# TASK INSTRUCTIONS:
Reproduce the listing below exactly. Pictures do not belong in the copy.
[[ DATA open ]]
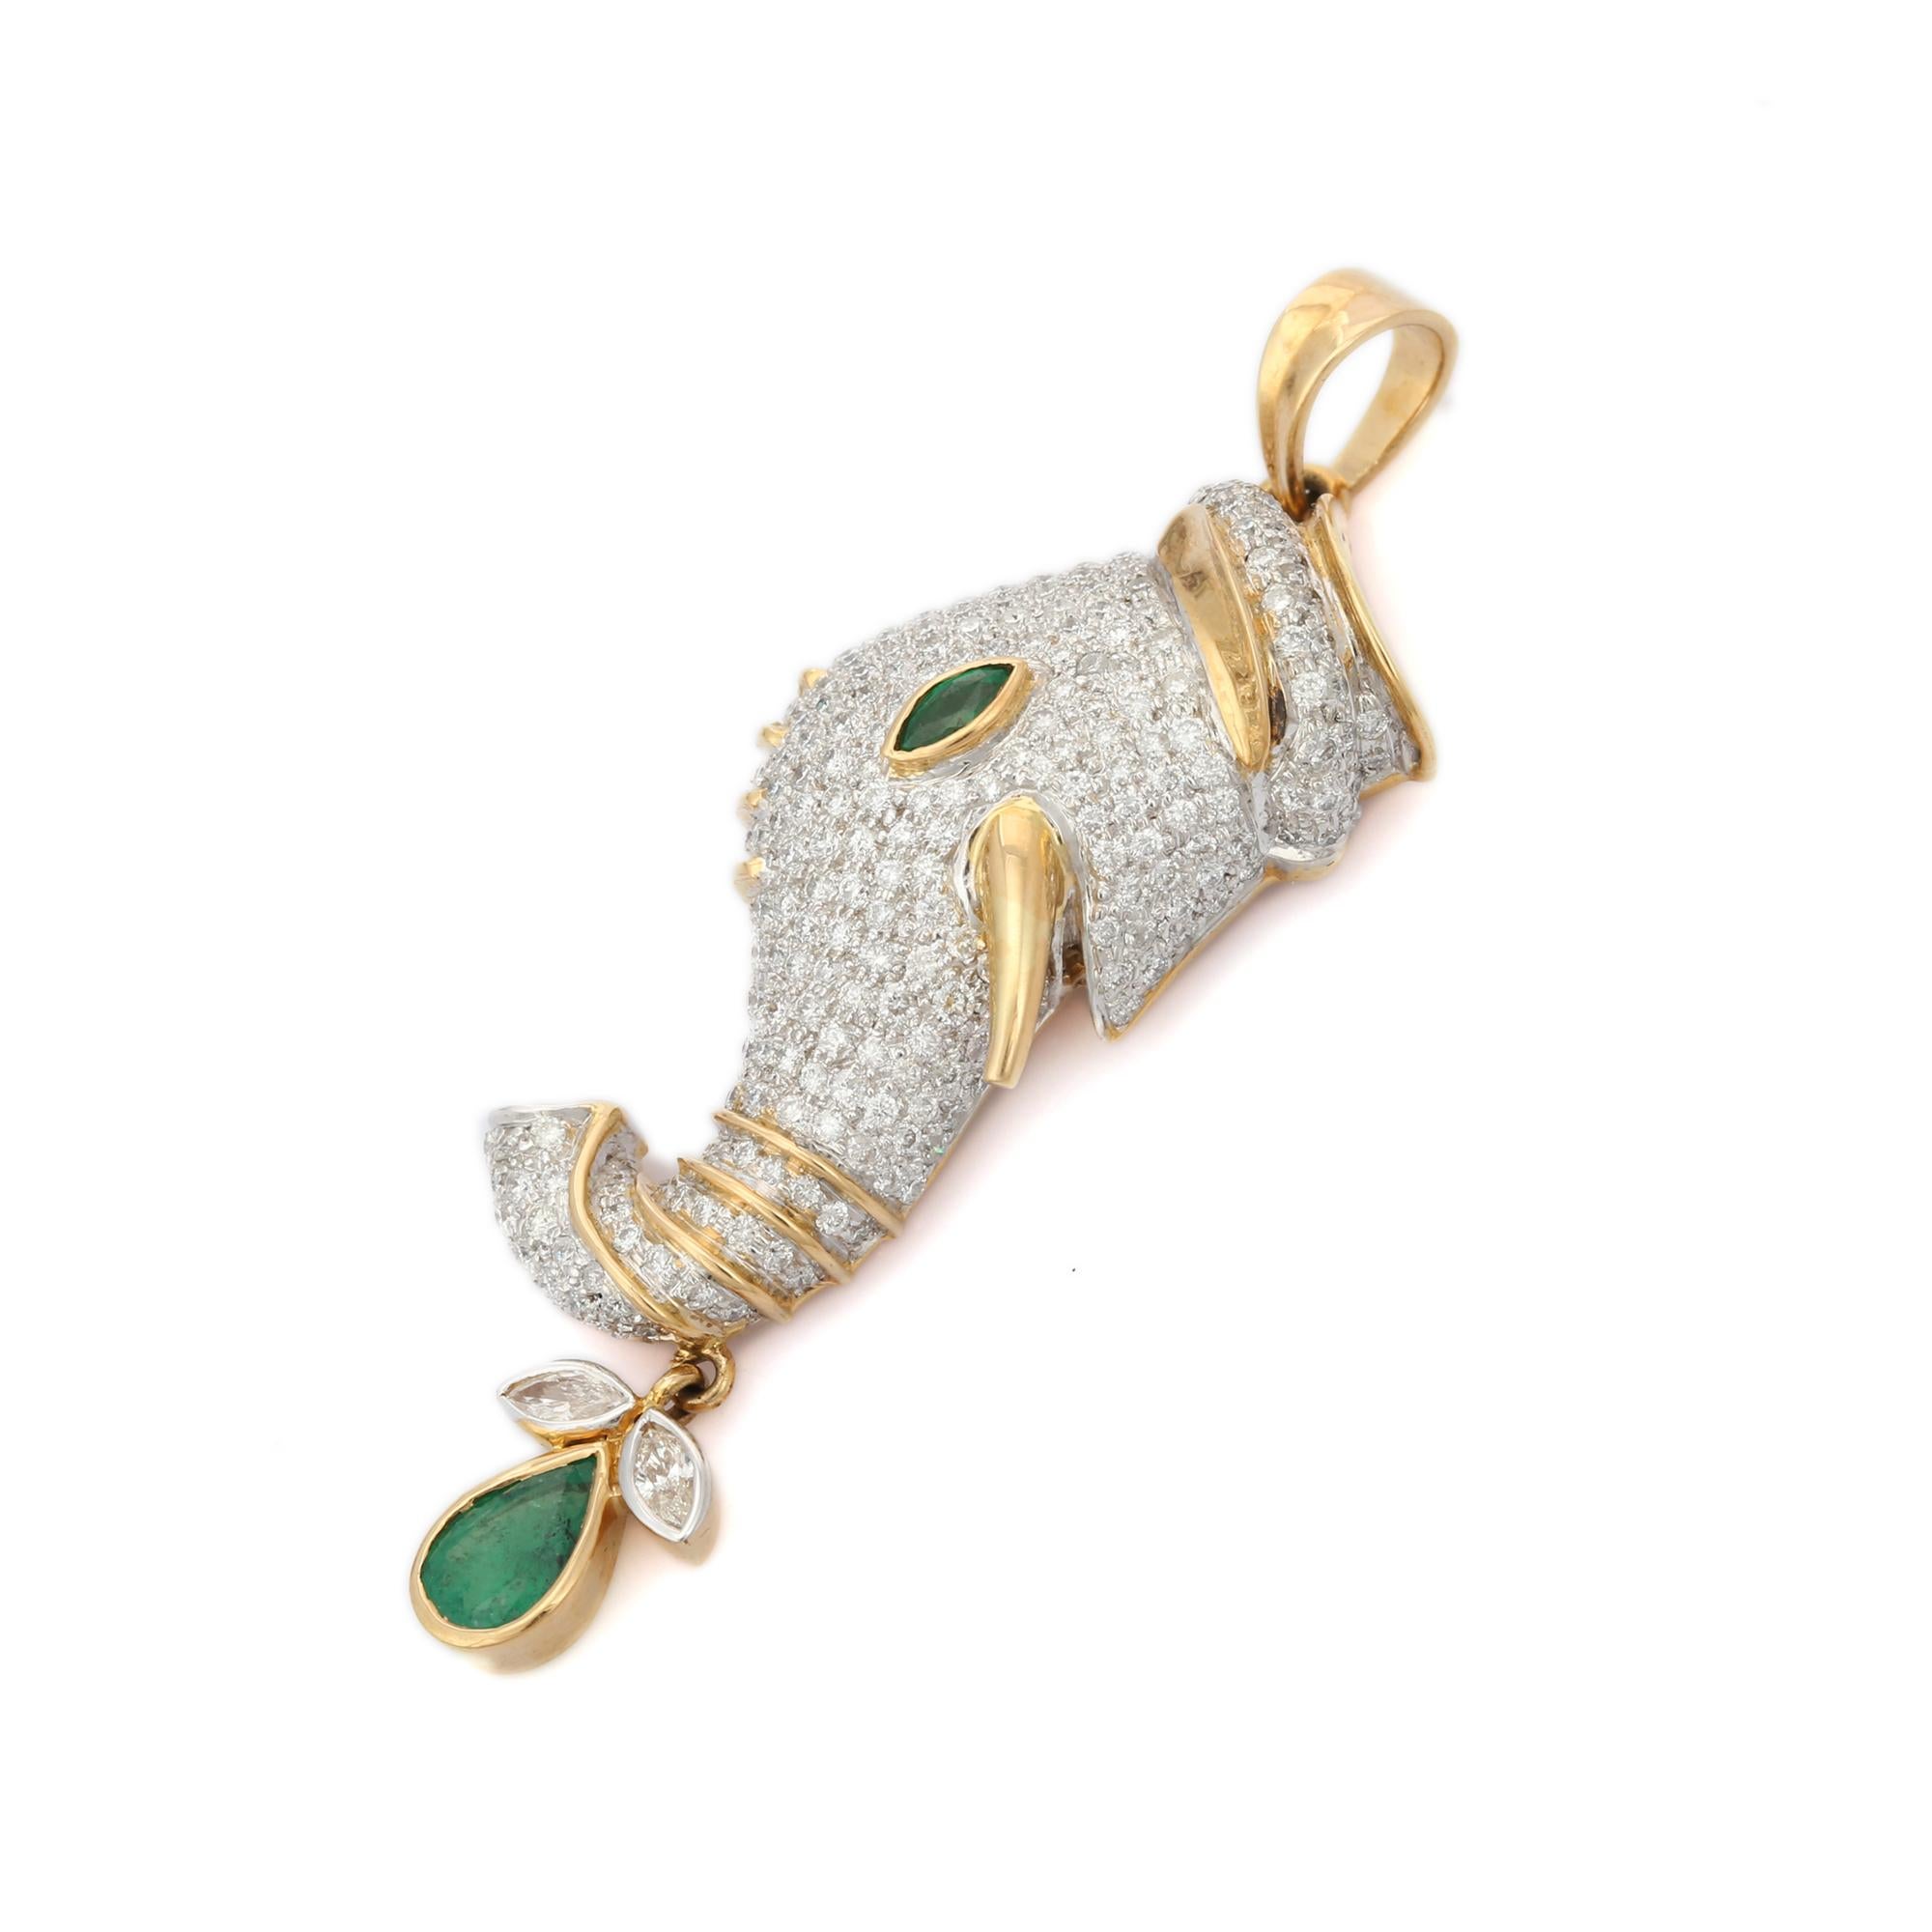 Emerald Diamond Elephant Pendant in 18K Gold. This stunning piece of jewelry instantly elevates a casual look or dressy outfit. 
Emerald enhances the intellectual capacity of the person.
Designed with genuine diamonds studded in elephant with
[[ DATA closed ]]
# TASK RESPONSE:
 Emerald Diamond Elephant Pendant in 18K Gold. This stunning piece of jewelry instantly elevates a casual look or dressy outfit. 
Emerald enhances the intellectual capacity of the person.
Designed with genuine diamonds studded in elephant with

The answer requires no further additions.